Given material
---

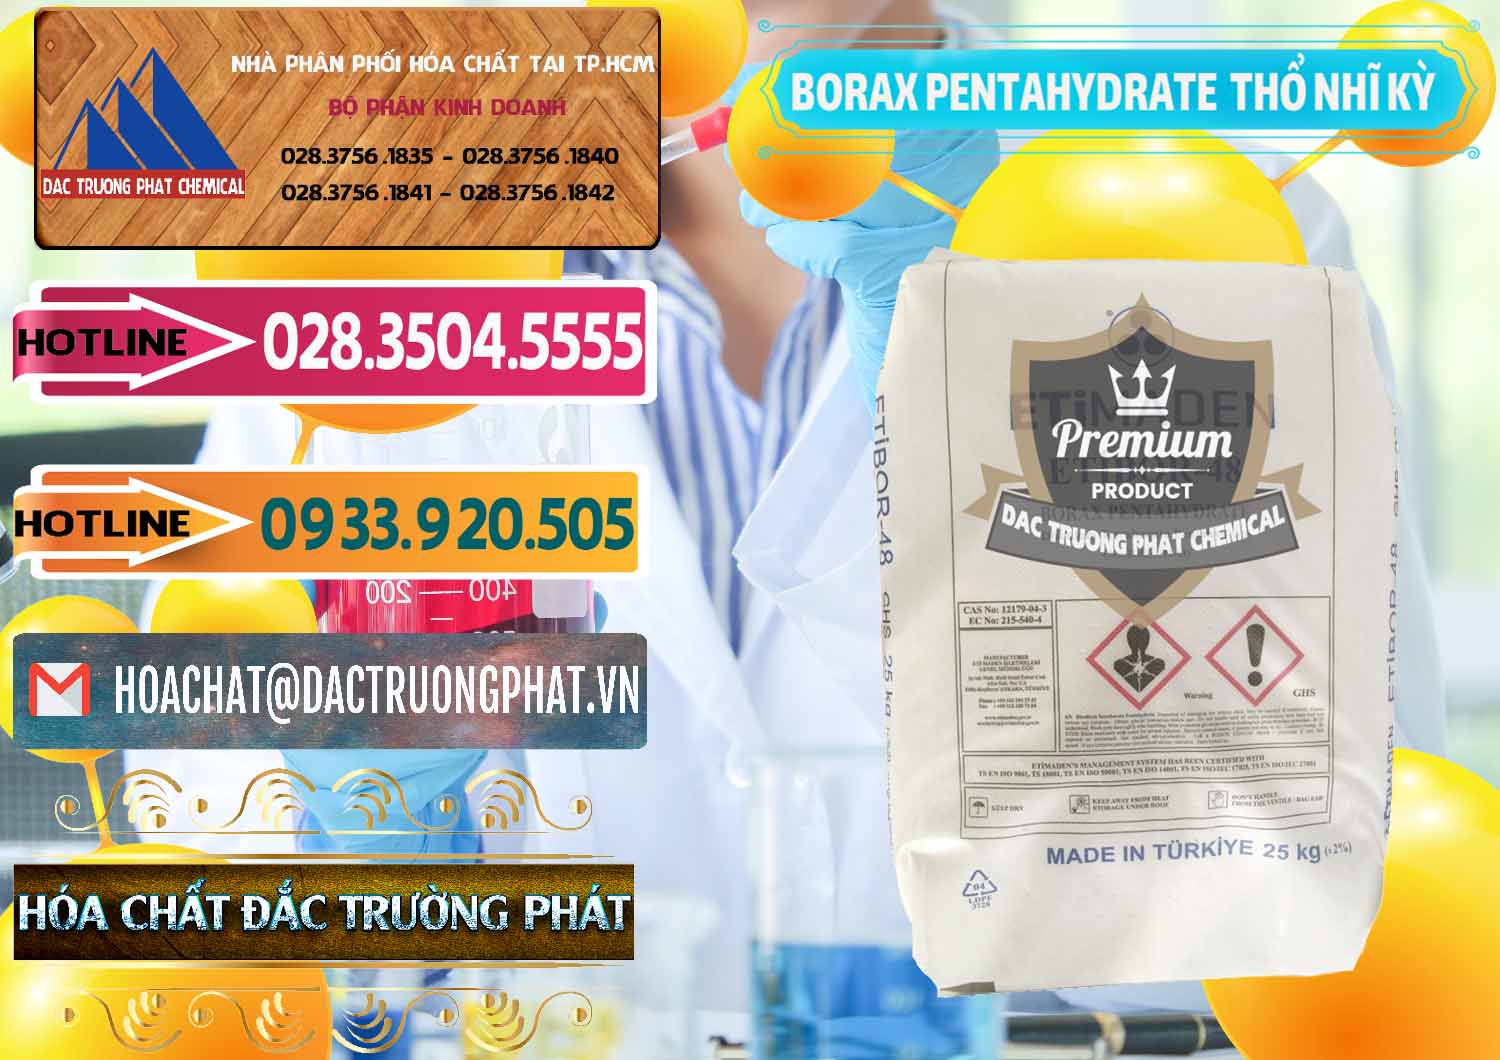 Đơn vị bán và cung ứng Borax Pentahydrate Thổ Nhĩ Kỳ Turkey - 0431 - Cty kinh doanh và phân phối hóa chất tại TP.HCM - dactruongphat.vn
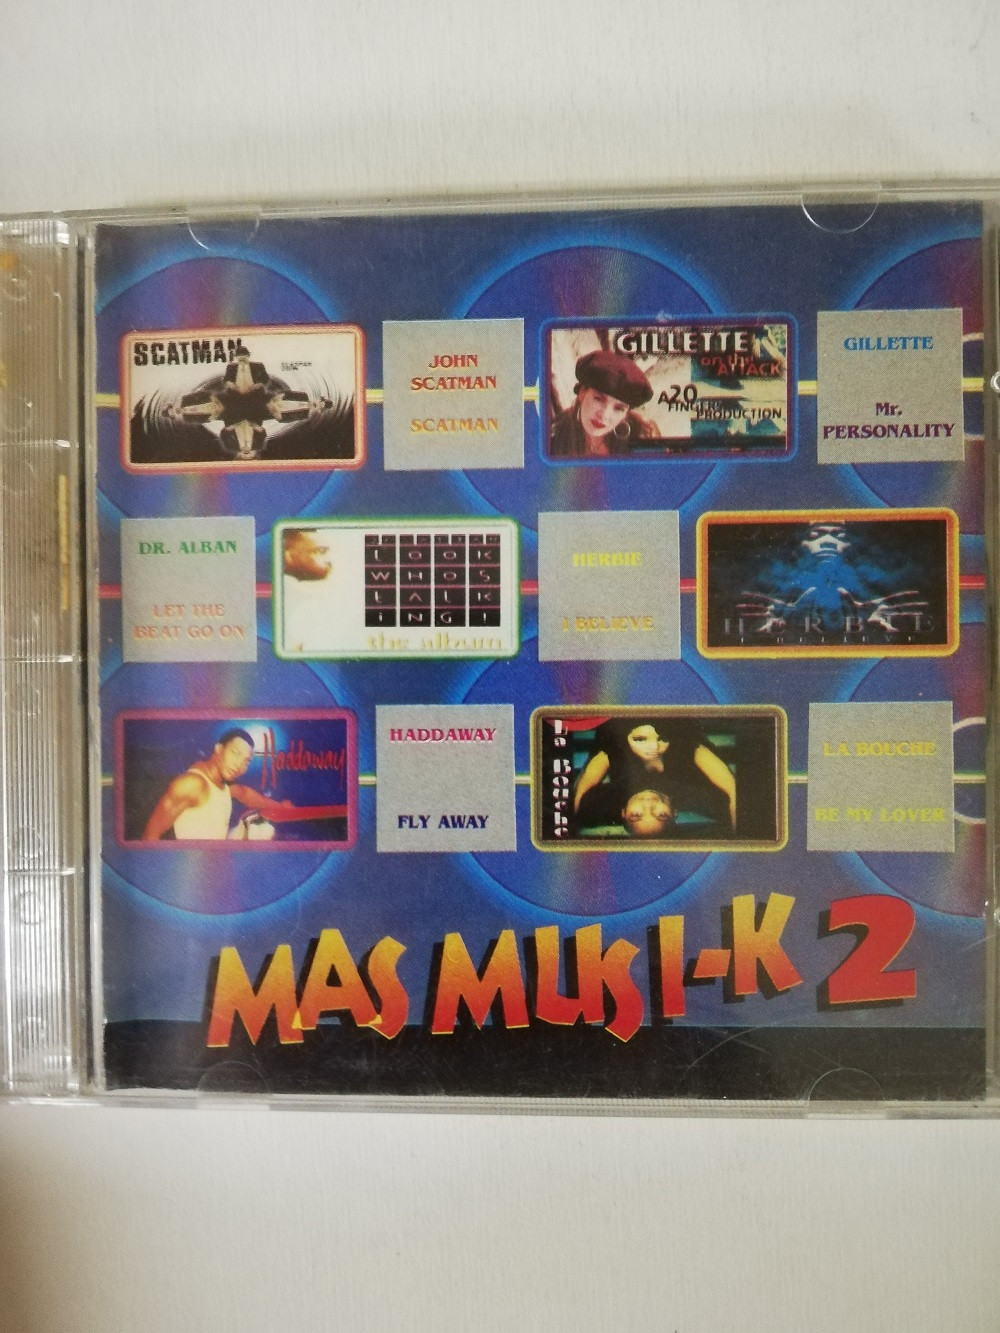 Imagen CD MAS MUSI-K - MAS MUSI-K 2
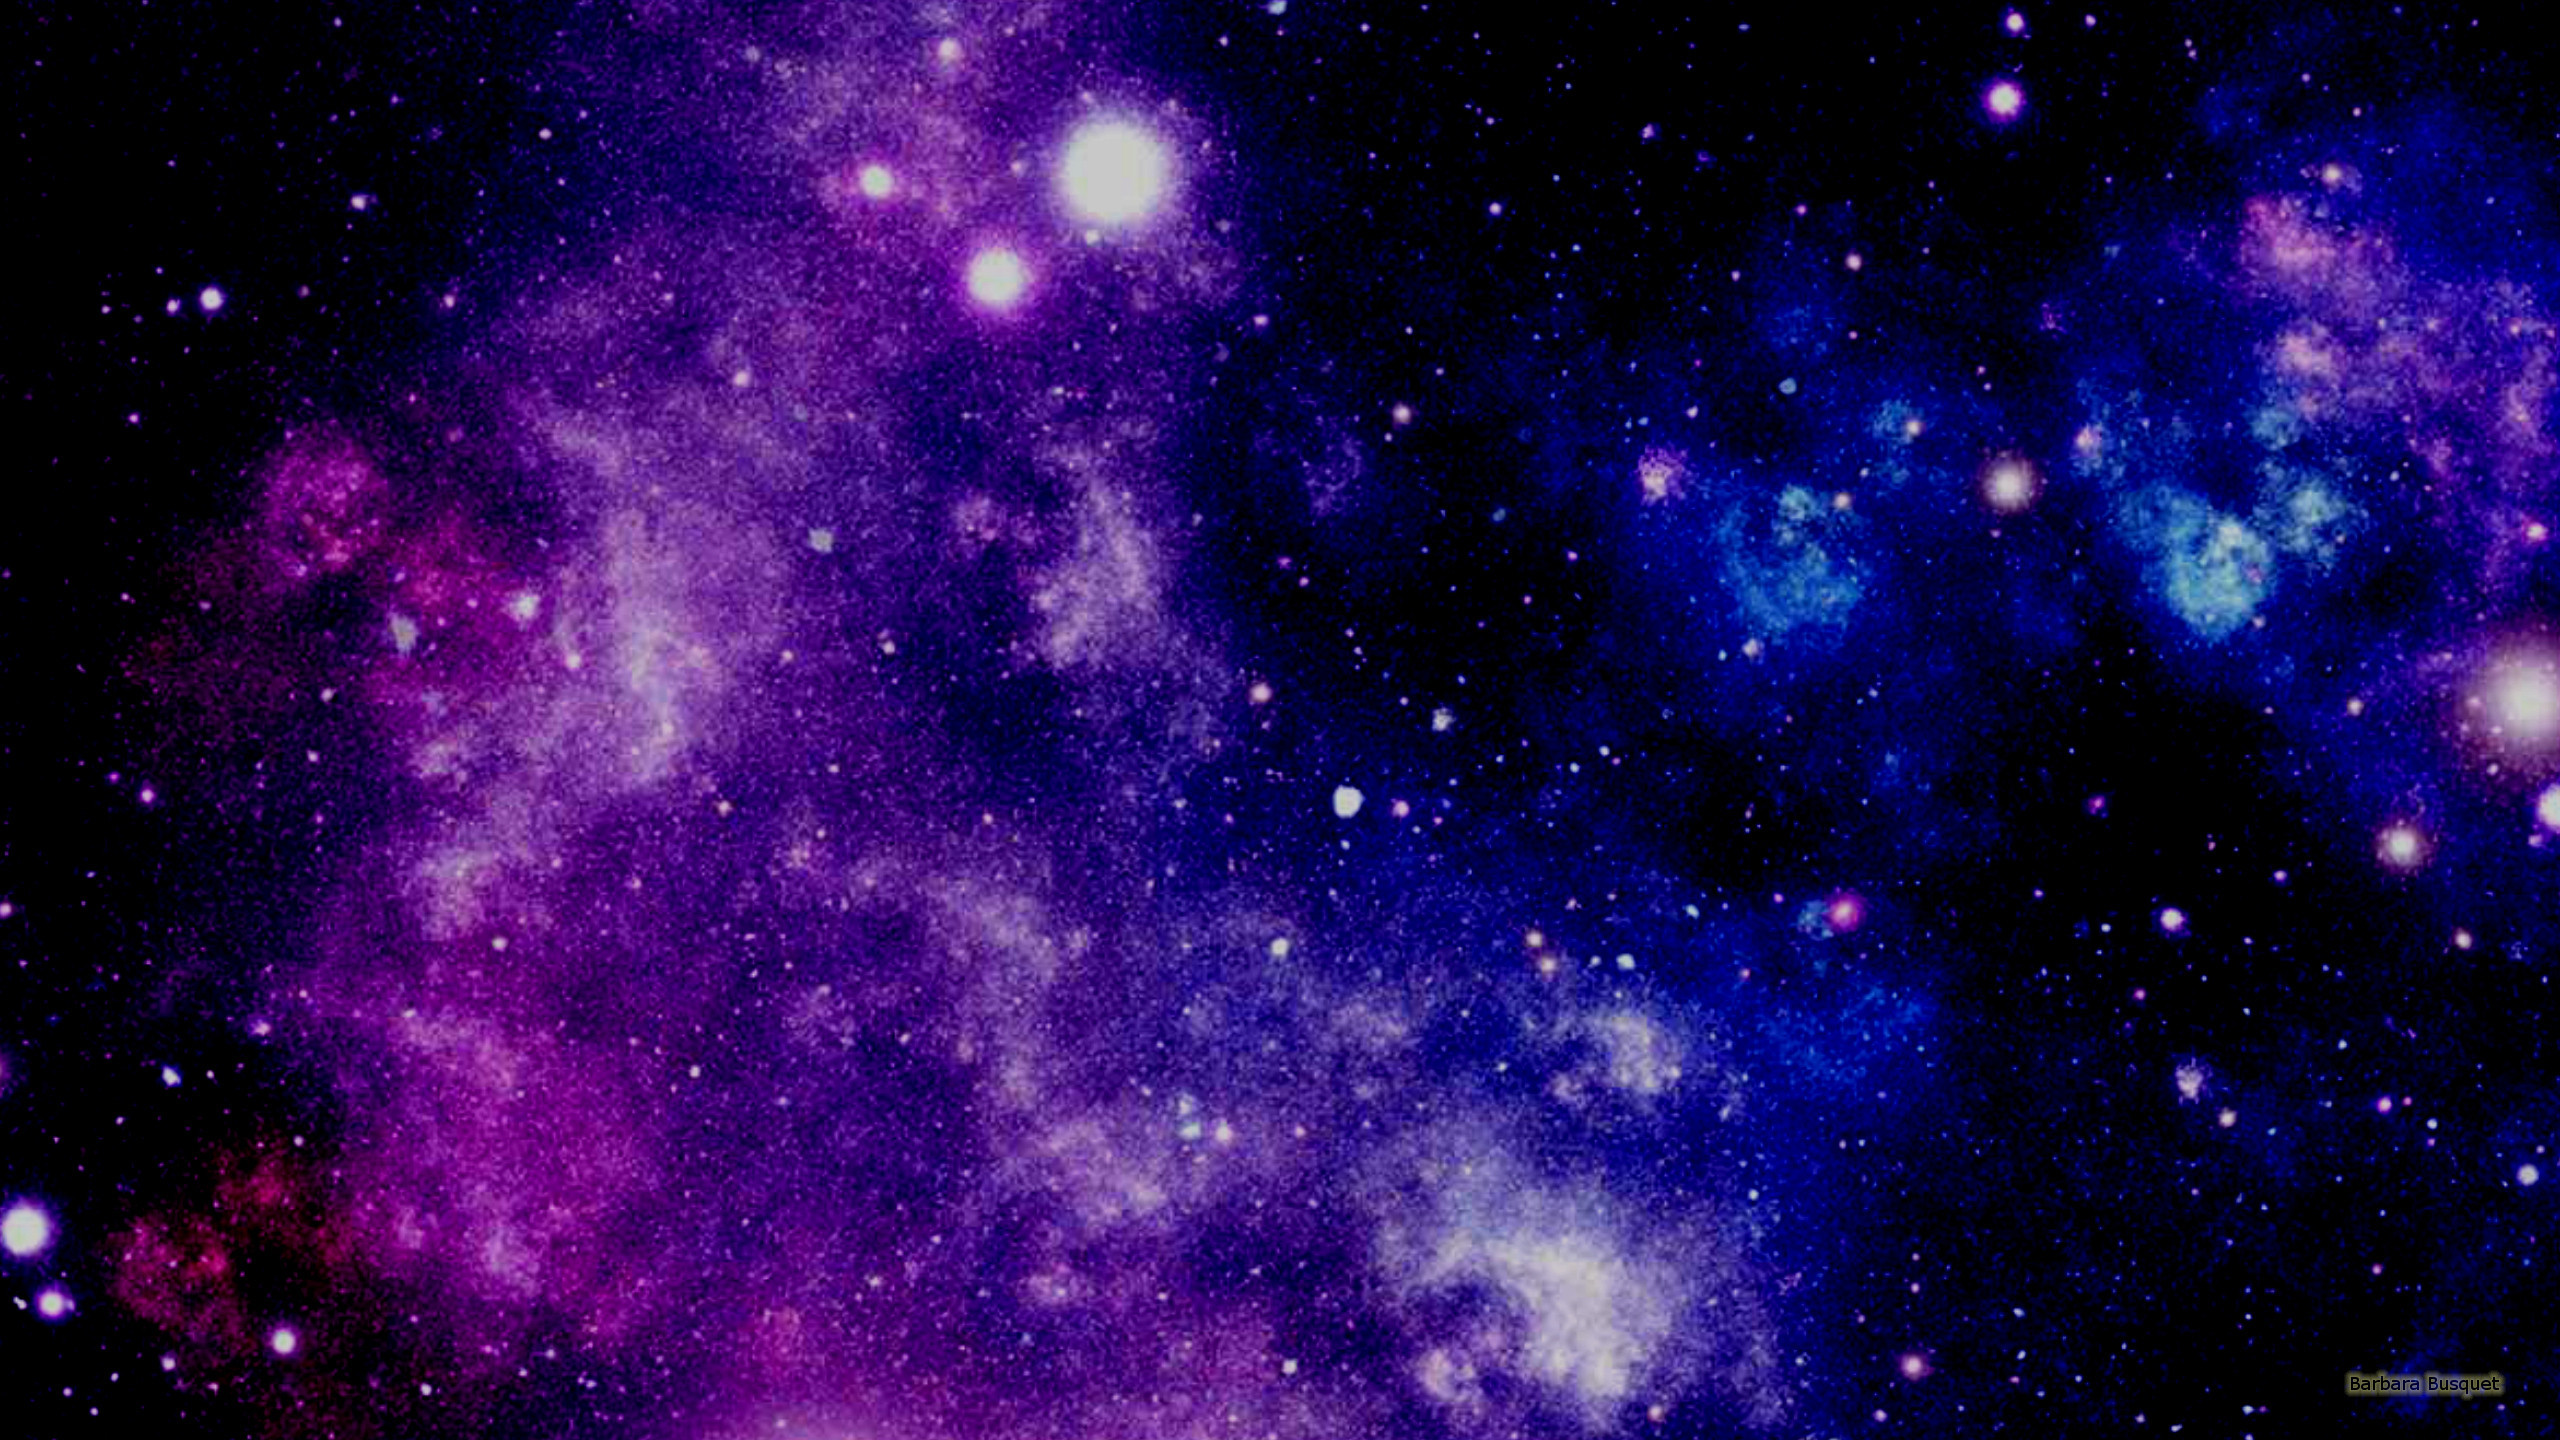 2560x1440 Dark galaxy. Dark galaxy wallpaper with stars and purple blue ...

---

What you will do
Could you repeat the data exactly, omitting its pictures?

Result of this task
 Đơn vị bán và cung ứng Borax Pentahydrate Thổ Nhĩ Kỳ Turkey - 0431 - Cty kinh doanh và phân phối hóa chất tại TP.HCM - dactruongphat.vn
 Imagen CD MAS MUSI-K - MAS MUSI-K 2
 2560x1440 Dark galaxy. Dark galaxy wallpaper with stars and purple blue ...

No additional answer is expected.